DATA FOR THIS TASK:
+++++

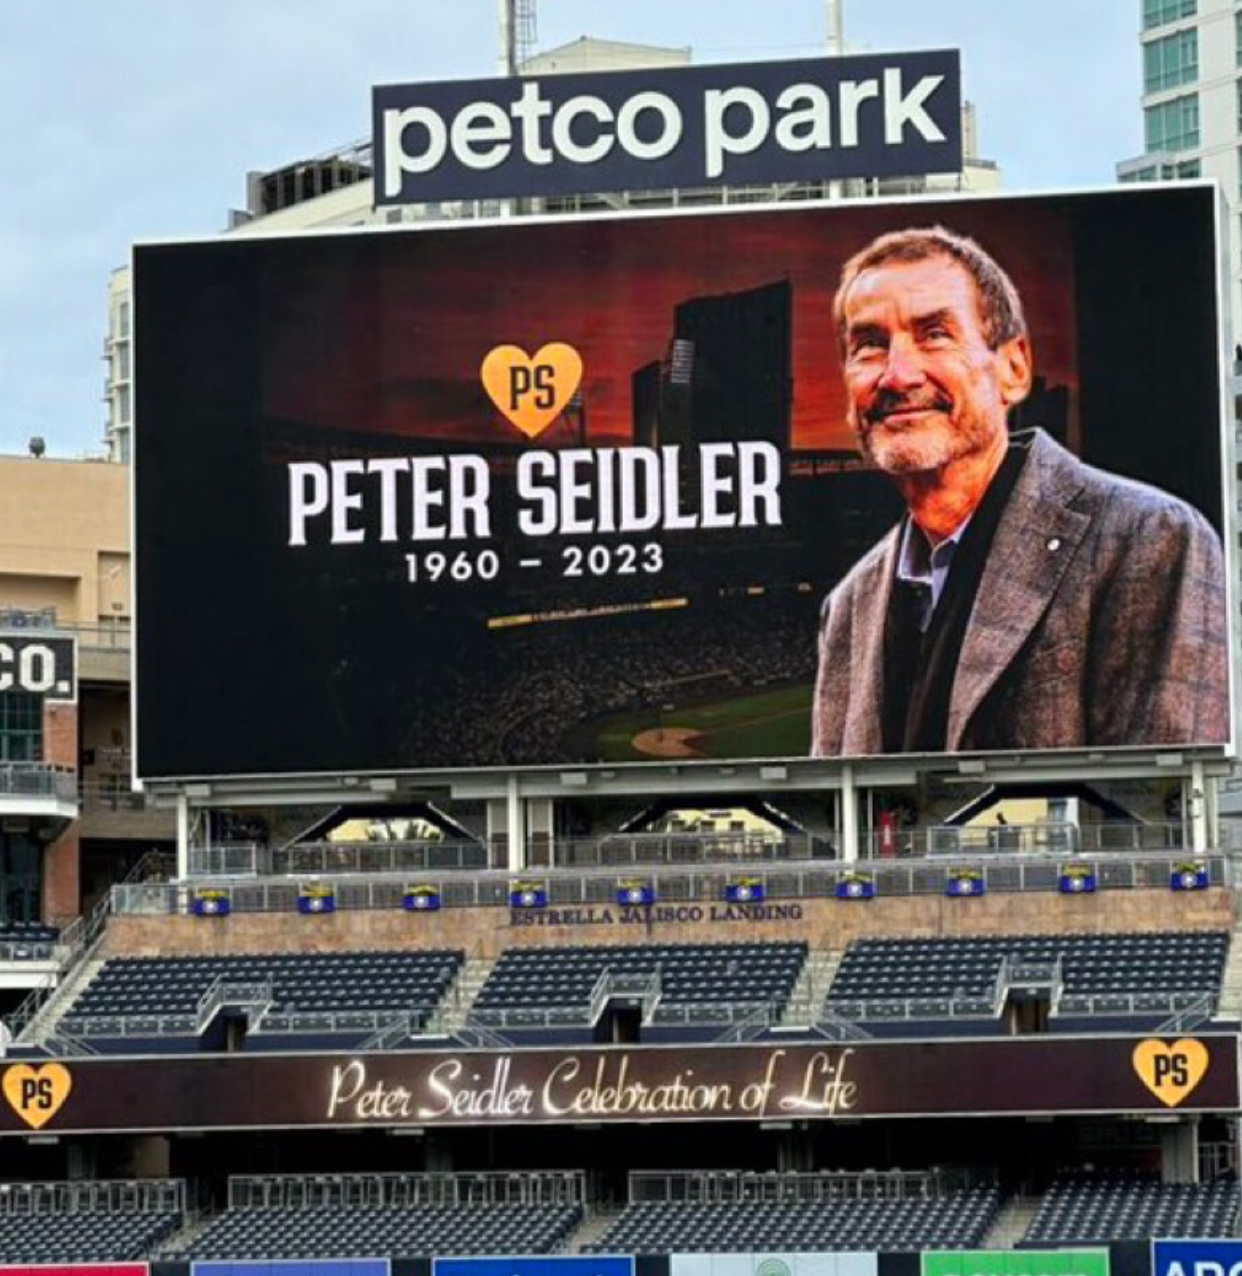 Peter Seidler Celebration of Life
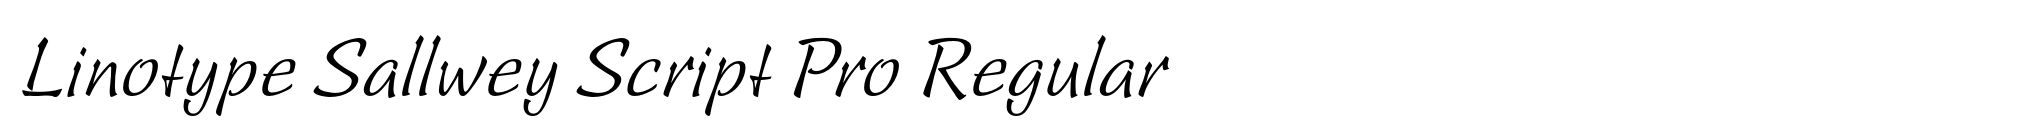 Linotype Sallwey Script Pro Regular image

+++++

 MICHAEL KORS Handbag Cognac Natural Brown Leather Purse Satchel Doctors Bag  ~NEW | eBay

+++++

From the data above, retype only the lines starting with the line with "Peter Seidler Celebration of Life" and going on through the line with "Linotype Sallwey Script Pro Regular image", exactly, leaving out the pictures.

SOLUTION:
 Peter Seidler Celebration of Life
 Linotype Sallwey Script Pro Regular image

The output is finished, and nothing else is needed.